Ссылки для упрощенного доступа

"Мстители" Александра Ступникова (3) – Сергей Ханженков


Владимир Тольц: В эфире заключительная, третья из передач по кинотриптиху минского режиссера-документалиста Александра Ступникова о мести и мстителях. Если о героях первых двух новелл фильма – Валерии Мурохе и Зиновии Кнеле - я впервые узнал из этой киноленты, то про героя заключительной части фильма впервые услышал почти 40 лет назад. В 1973 году его упомянул Александр Исаевич Солженицын в прогремевшем тогда по миру интервью, данному писателем "Ассошиэйтед Пресс" и газете "Монд". (Ну, а я по сходству этого имени с фамилией пионера российского кинематографа Ханжонкова это запомнил.) Солженицын сказал тогда:

"Вспоминается судьба Сергея Ханженкова, отсидевшего к 1973 году 7 лет за попытку – или даже намерение – взорвать глушитель в Минске. А ведь, исходя из общечеловеческих забот, нельзя понять этого преступника иначе, как борца за всеобщий мир".

Владимир Тольц: Много позже, знакомясь с материалами, которые мои друзья и коллеги, сотрудники Государственного архива Российской Федерации Ольга Эдельман, Владимир Козлов и Сергей Мироненко готовили к изданию в сборнике "Крамола: Инакомыслие в СССР при Хрущеве и Брежневе" (это были рассекреченные документы Верховного Суда и Прокуратуры СССР) я вновь наткнулся на это имя. И дело Сергея Николаевича Ханженкова особо заинтересовало меня, поскольку в ту пору я занимался историей иностранного радиовещания на Советский Союз. А то, что привело к аресту студента 4 курса Минского автодорожного института Сергея Ханженкова, было, как вы по цитате из солженицынского интервью понимаете, прямо с этой историей связано. Правда, в 1973-м Александр Исаевич несколько ошибся в датах: к тому времени Сергей, которого он назвал "борцом за всеобщий мир", уже отсидел свой десятилетний срок. Ныне о его деле много опубликовано, в том числе и в радиопередачах Свободы. Но то, что вы услышите сегодня, в эфире впервые.
Для краткого введения в суть вопроса, процитируем фрагменты обвинительного заключения по этому делу и показаний обвиняемого. (Думаю, о специфике этих документов, отражающей особенности мировосприятия тогдашней советской юстиции специально распространяться не стоит – она очевидна.)

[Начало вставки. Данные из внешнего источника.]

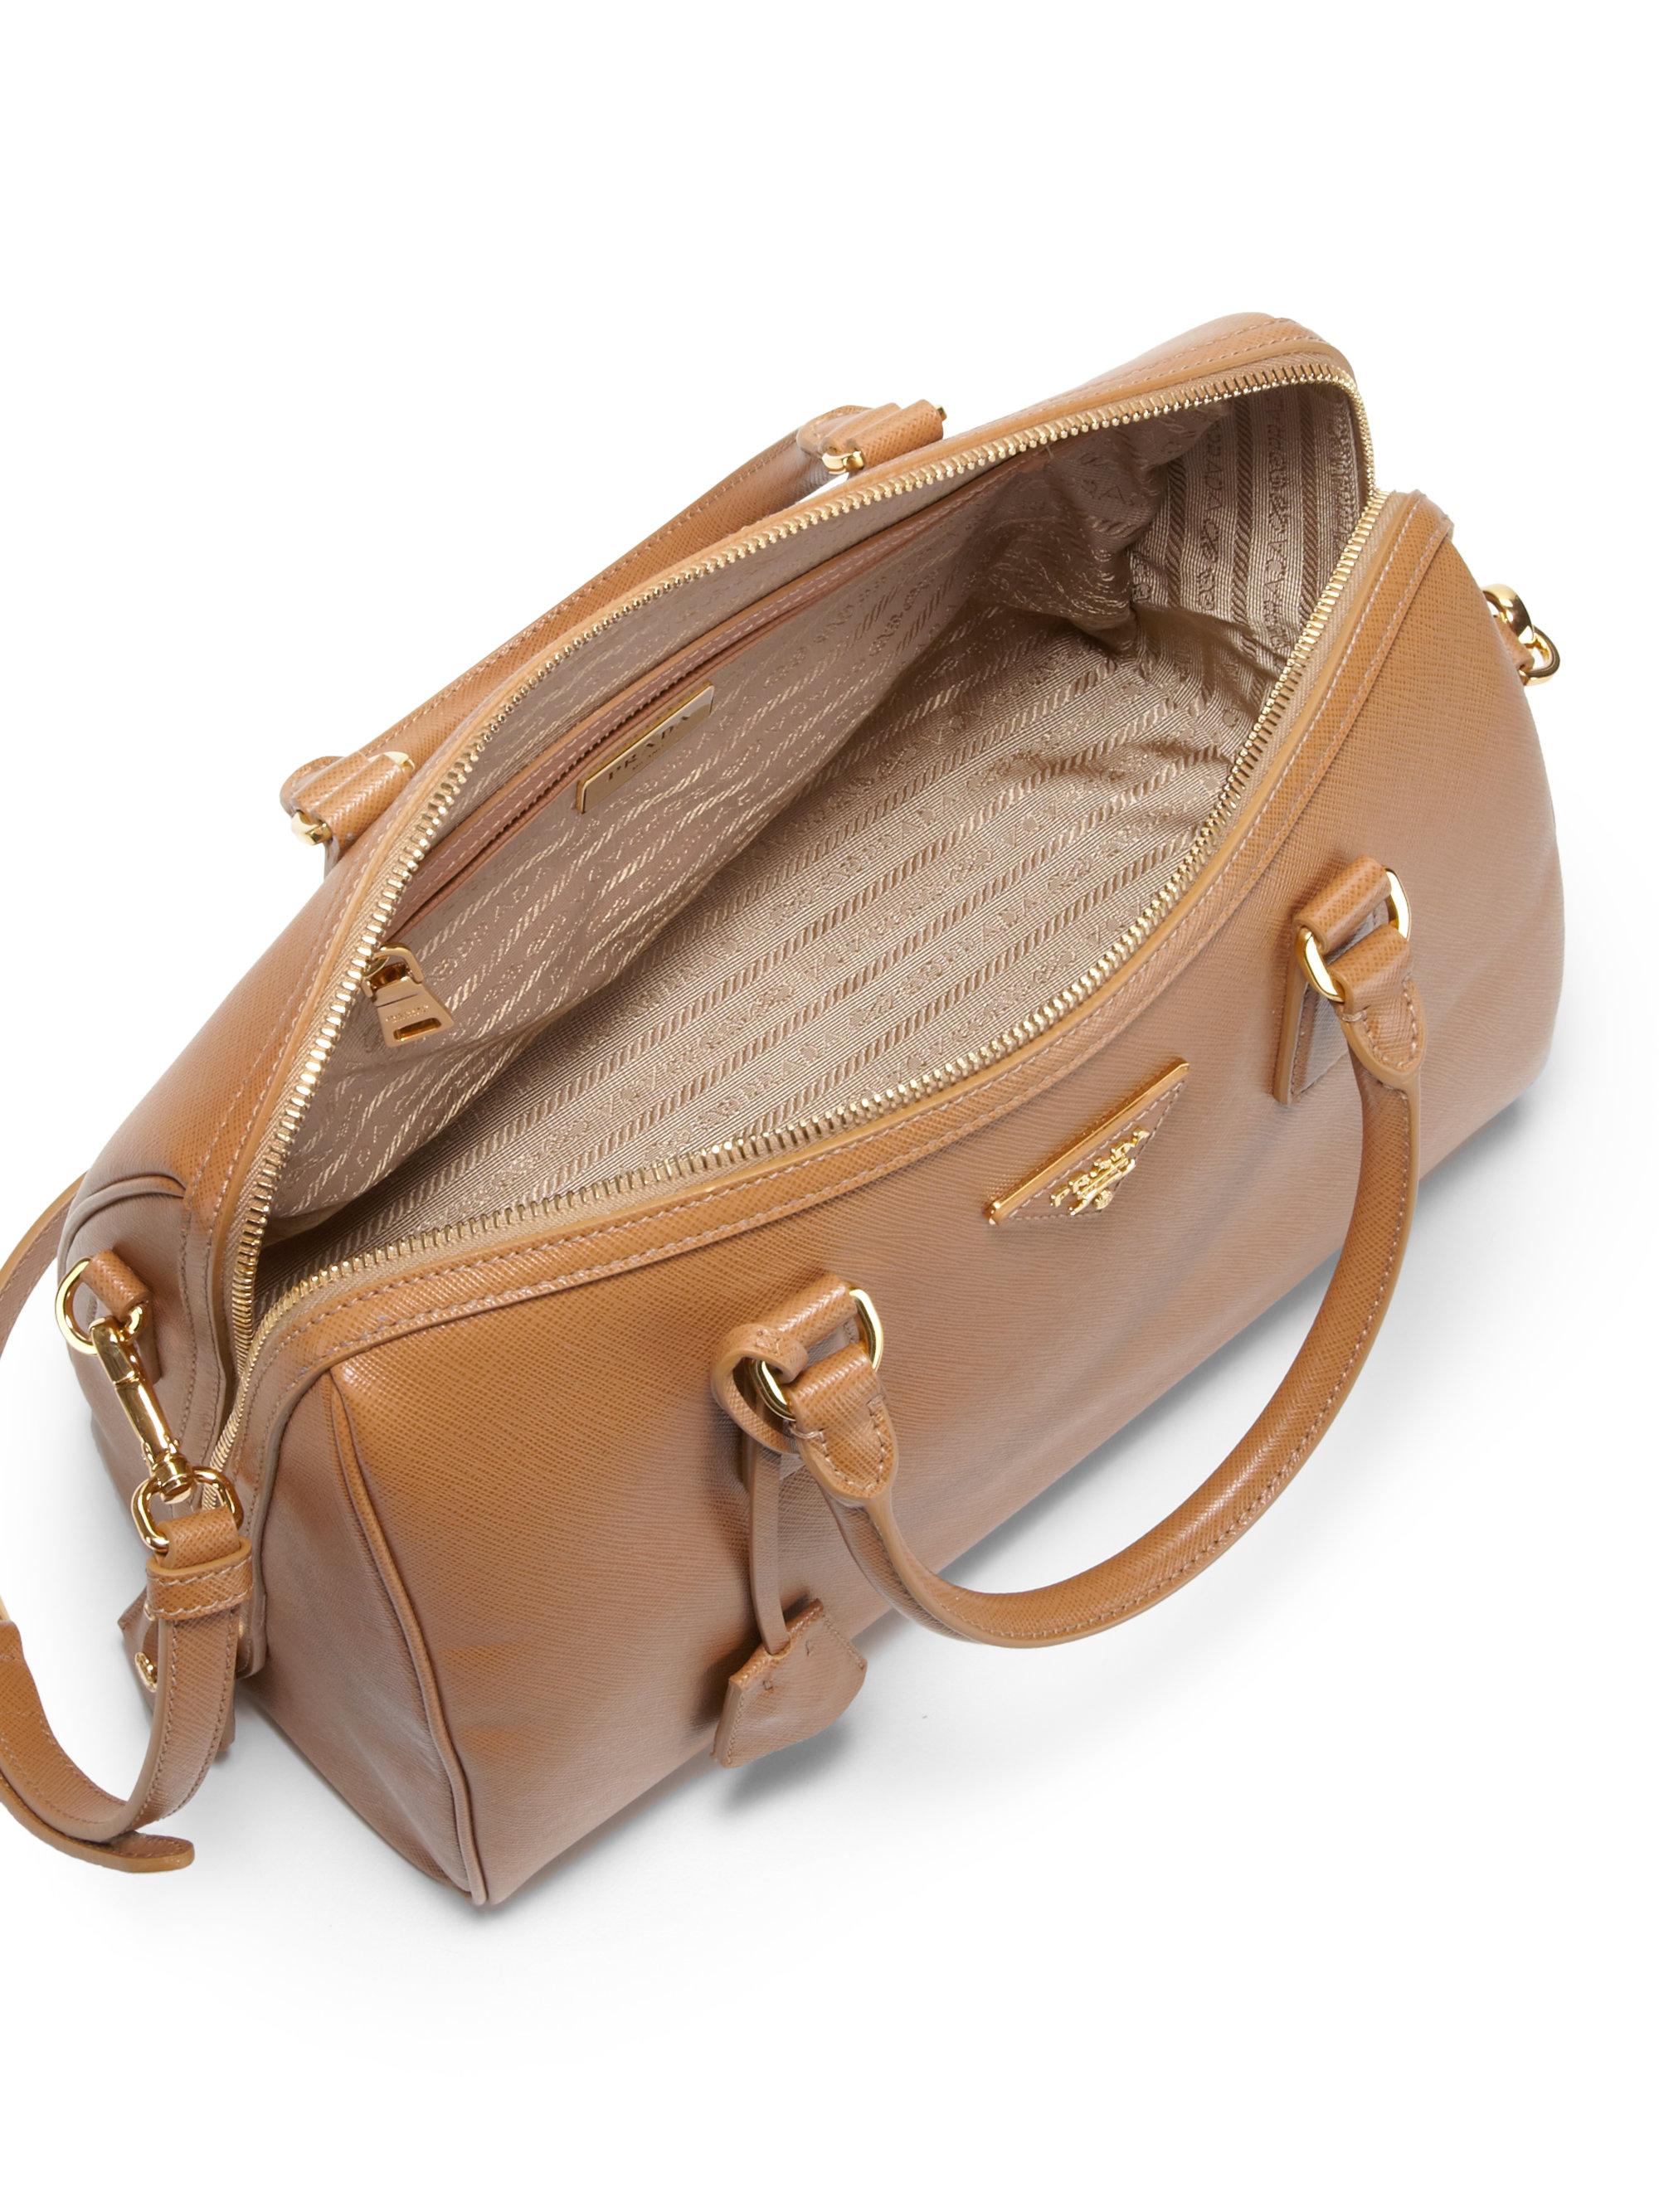 prada brown leather bowler bag prada messenger bag black

"Произведенным по делу расследованием установлено, что Ханженков, систематически прослушивая с 1958 года антисоветские передачи зарубежных радиостанций, попал под влияние буржуазной идеологии и , начиная с весны 1962 года, проводил организационную деятельность по созданию антисоветской организации".

Владимир Тольц: А вот показания самого Сергея Ханженкова, данные в судебном заседании 2 октября 1963 года:

"Я родился в пос[елке] Усть-Утиный Магаданской области, где мой отец жил на поселении. До 13 лет я учился и жил в г. Магадане, где окончил 6 классов.[...]".

Владимир Тольц: Тут, наверное, необходимо следующее пояснение: отец Сергея - Николай Ханженков – в 1935 году студент Московского института железнодорожного транспорта, был осужден по статье 58-10 на 6 лет лишения свободы за то, что в ноябре 1935 года "неправильно" выполнил задание комитета комсомола подготовить лозунги к празднованию 18-й годовщины Октябрьской революции. Один из лозунгов: "Пусть дух интернационализма витает над нами" признали вредным, поскольку упоминавшееся понятие "дух" не только противоречило марксизму, но и давало основание назвать автора лозунга идеалистом. Оправдаться студенту не помогло и то, что лозунг - цитата из Карла Маркса. Так он оказался на Магадане, где и родился Сергей. После амнистии 1953 года, семья Ханженковых переехала на жительство в город Минск. А в 1957 году Николай Ханженков был официально реабилитирован.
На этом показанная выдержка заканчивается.